● **EXERCISE GOAL**
Once the line holding "Orthodontics: Current Principles" is found in the entries below, restate it and each line after it word for word, with no pictures.

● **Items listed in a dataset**
===============
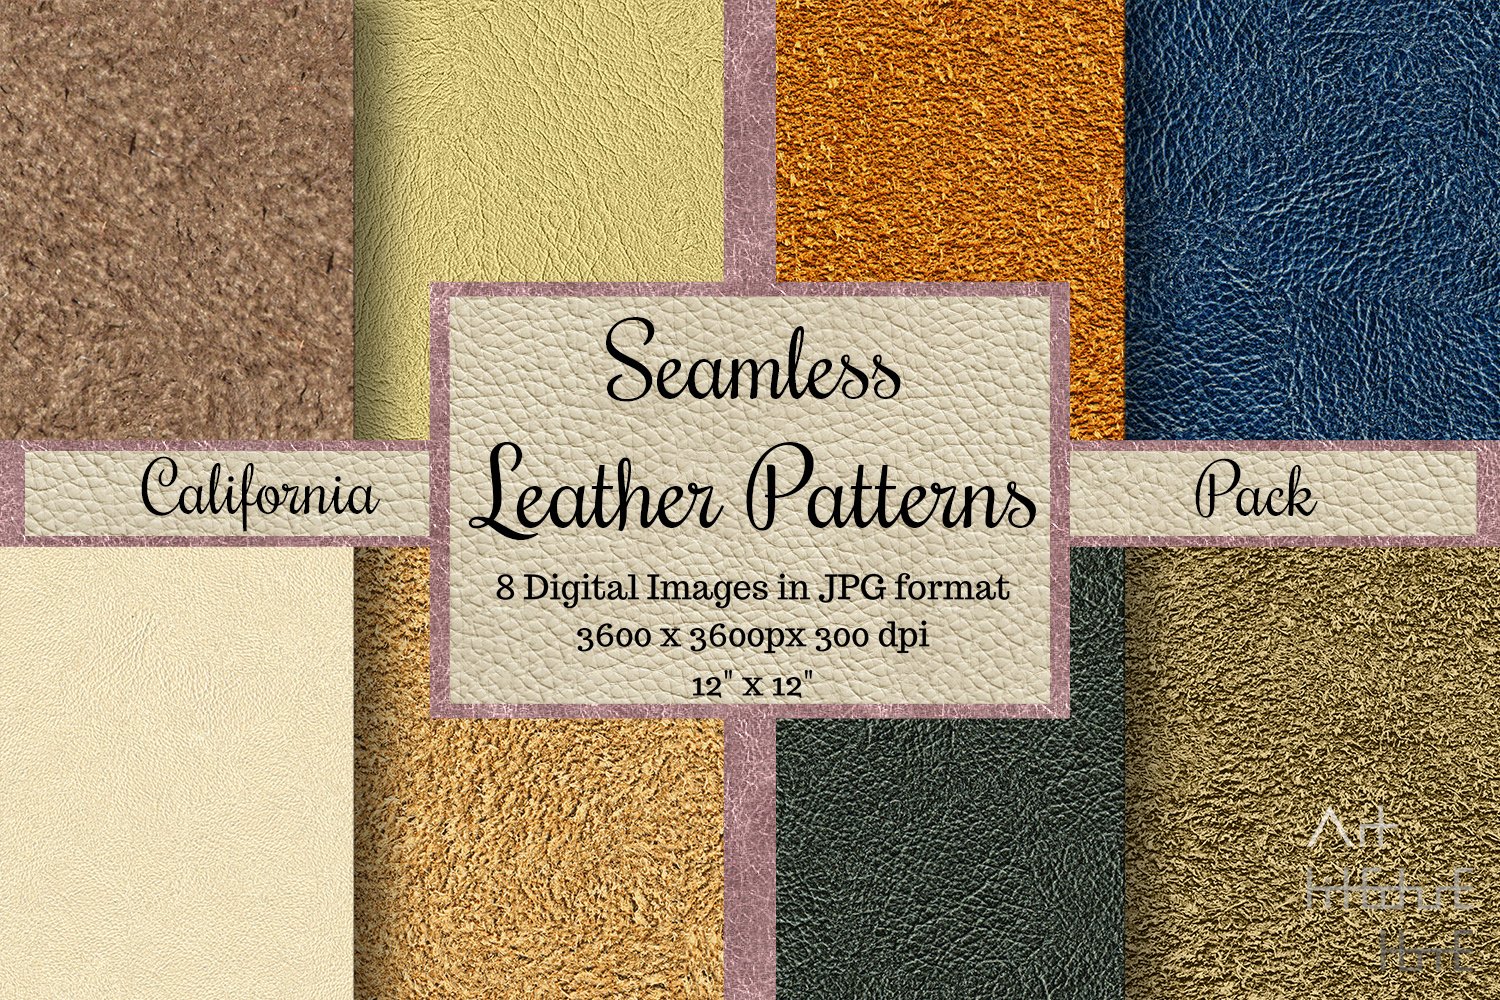 Seamless Leather Patterns California cover image.
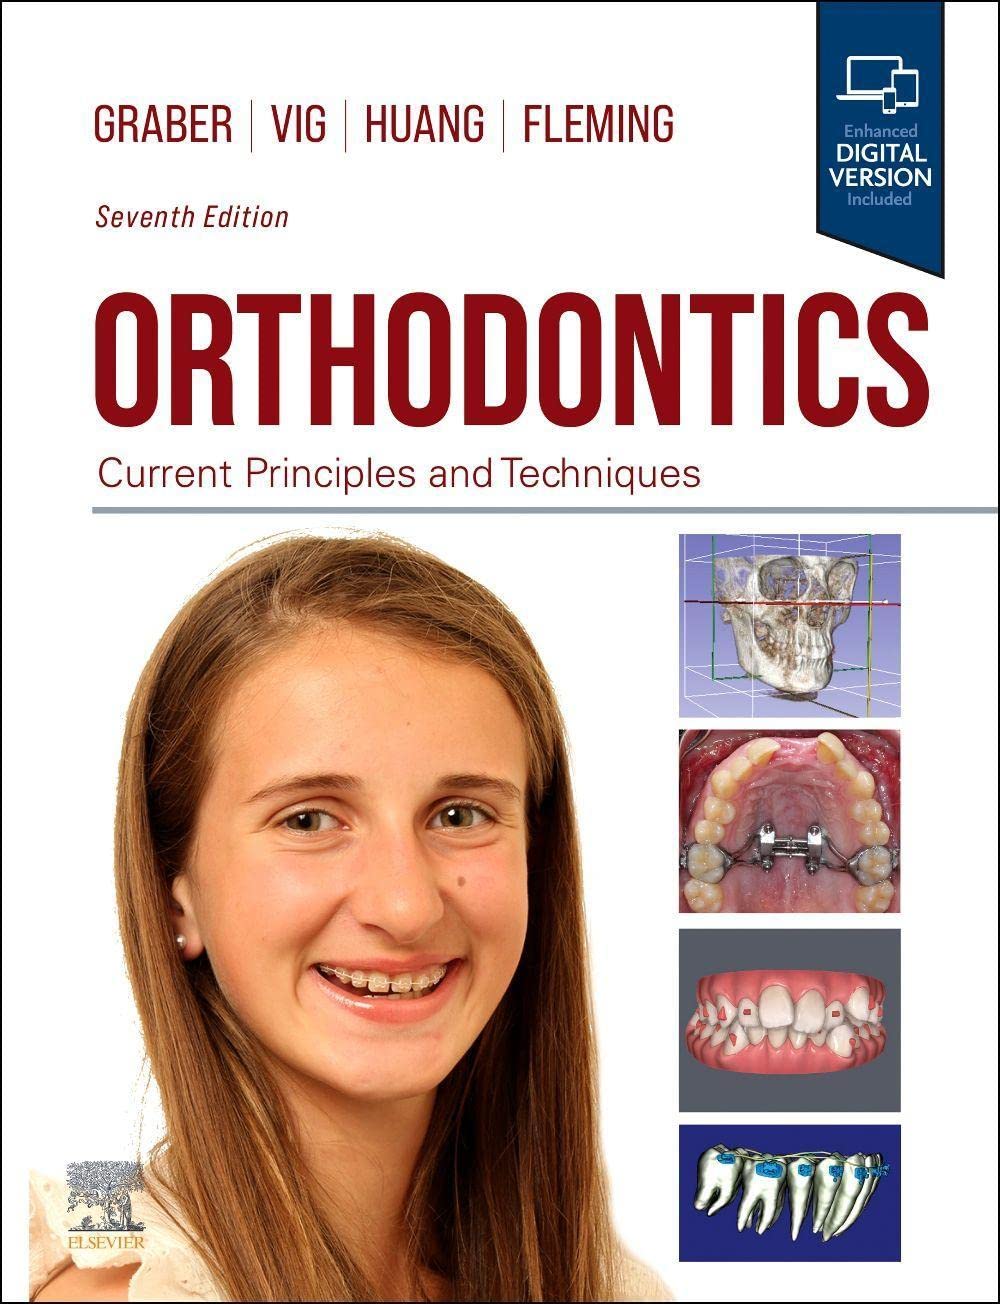 Orthodontics: Current Principles and Techniques, 7th Edition  by  Lee W. Graber DDS MS MS PhD 
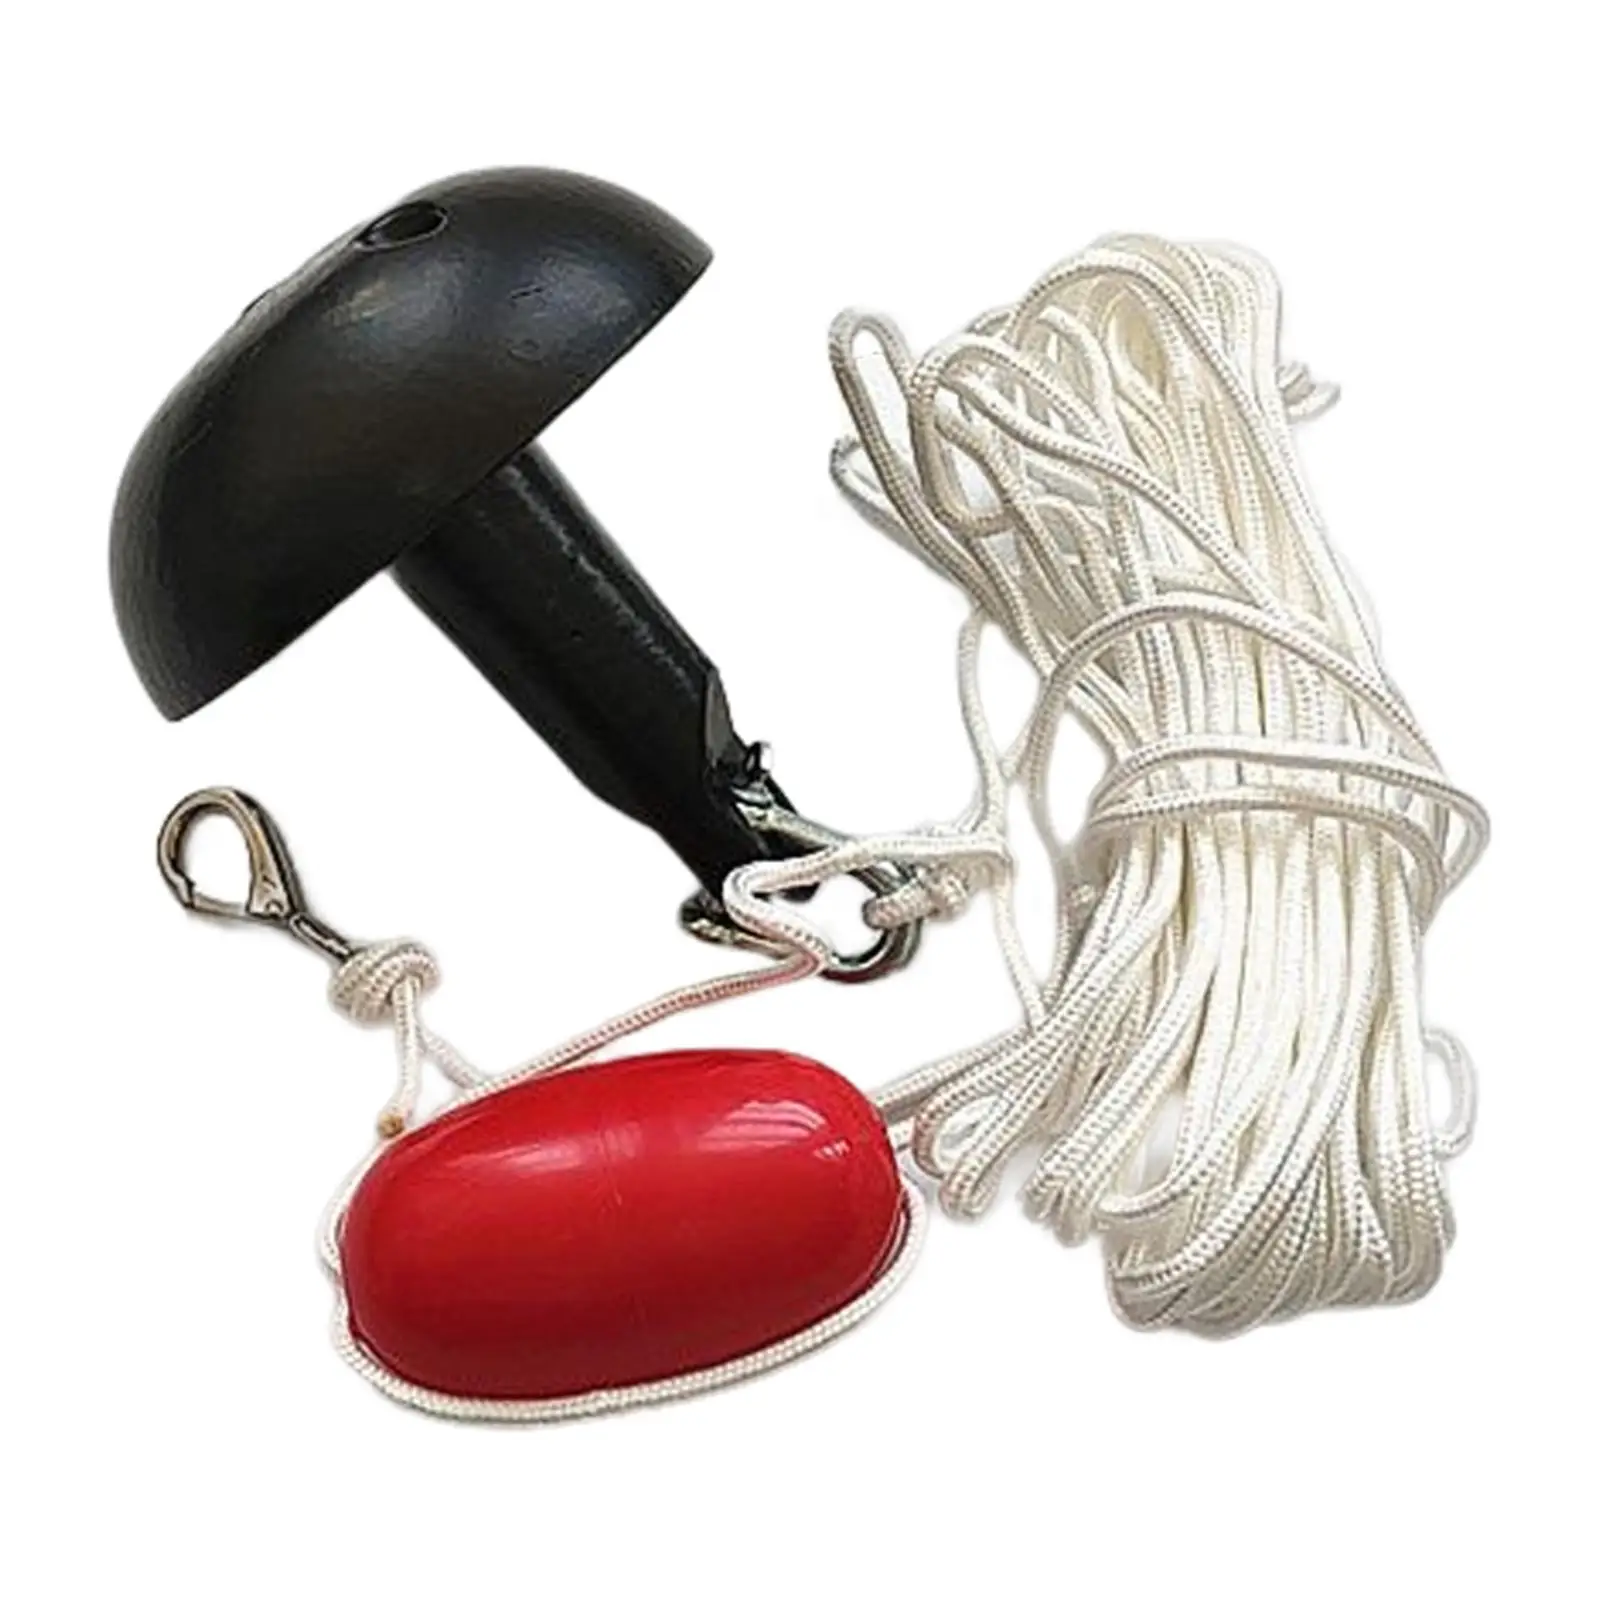 Complete Mushroom Anchor Kit 5 lb with Marker Buoy Black Fit for Canoe Boat
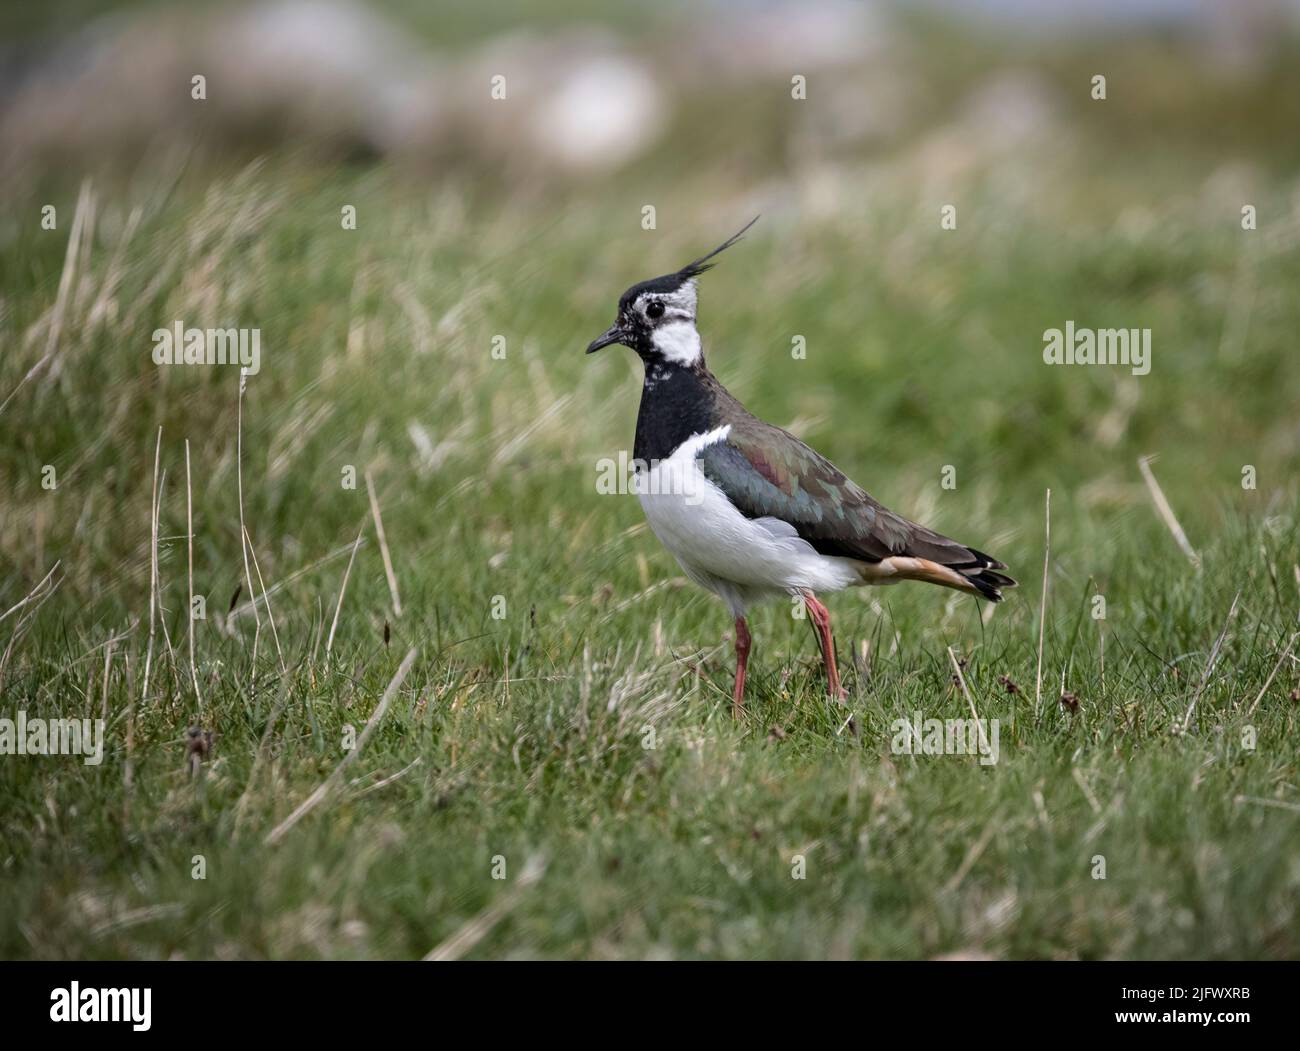 A close up in profile of an adult Lapwing Vanellus vanellus showing the splendid crest and varied colouration of the plumage on typical marsh habitat Stock Photo
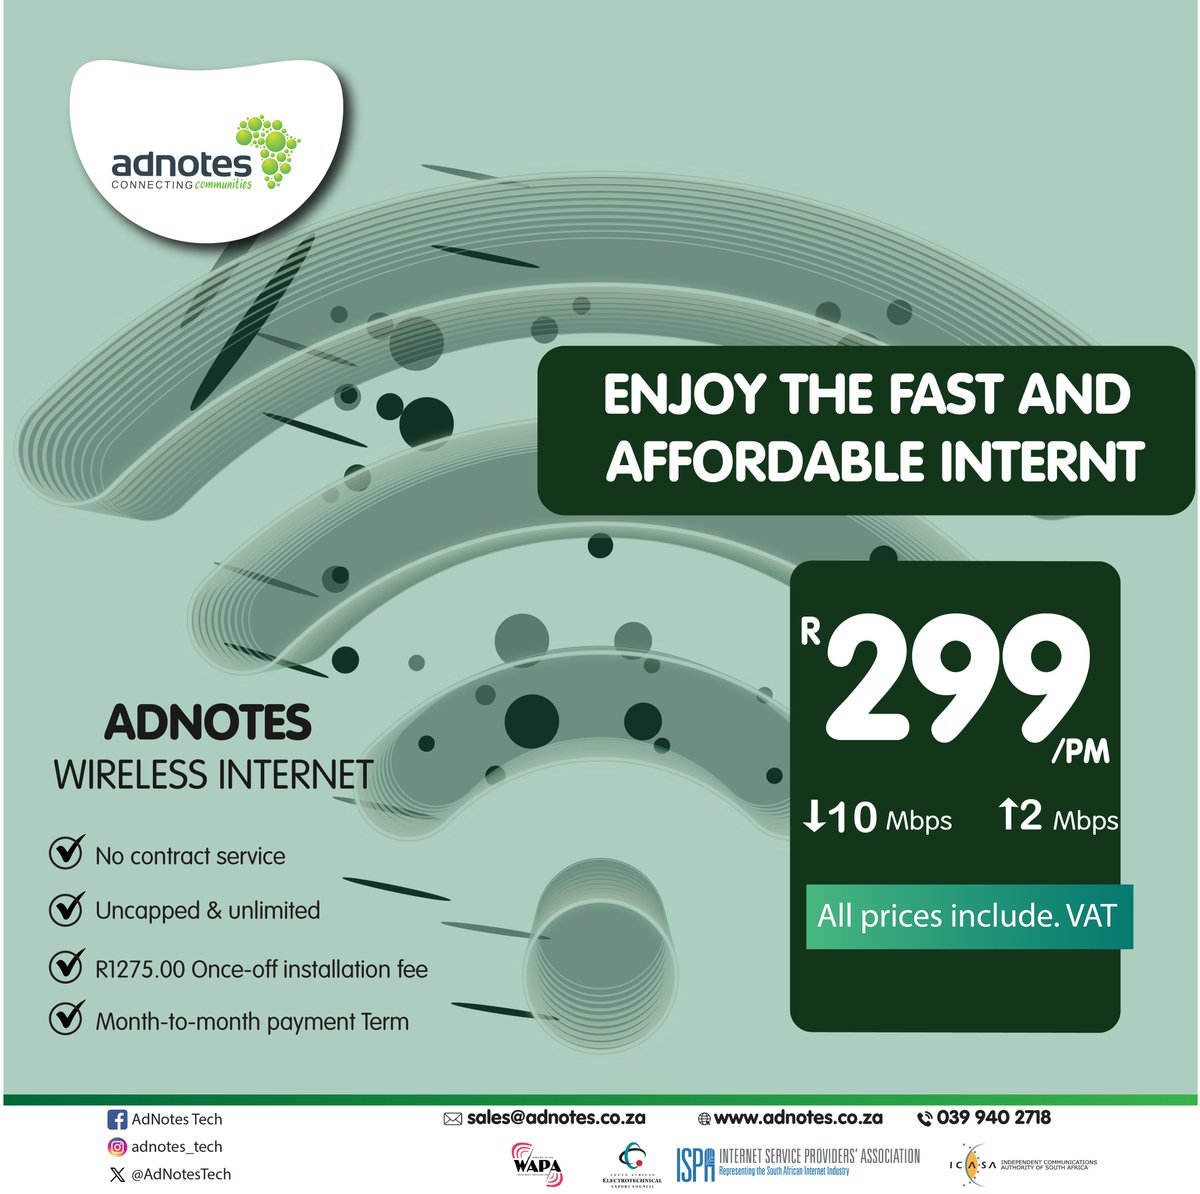 Experience Unlimited Streaming with Fast, Affordable, and Reliable Internet from adnotes.co.za - No Contracts, Just Seamless Connectivity! SIGN UP TODAY! #UNLIMITED #UNCAPPED #NOCONTRACT #WIFI @AdNotes
===============
● **FINISHED EXERCISE**
 Orthodontics: Current Principles and Techniques, 7th Edition  by  Lee W. Graber DDS MS MS PhD 
 Complete Mushroom Anchor Kit 5 lb with Marker Buoy Black Fit for Canoe Boat
 A close up in profile of an adult Lapwing Vanellus vanellus showing the splendid crest and varied colouration of the plumage on typical marsh habitat Stock Photo
 Experience Unlimited Streaming with Fast, Affordable, and Reliable Internet from adnotes.co.za - No Contracts, Just Seamless Connectivity! SIGN UP TODAY! #UNLIMITED #UNCAPPED #NOCONTRACT #WIFI @AdNotes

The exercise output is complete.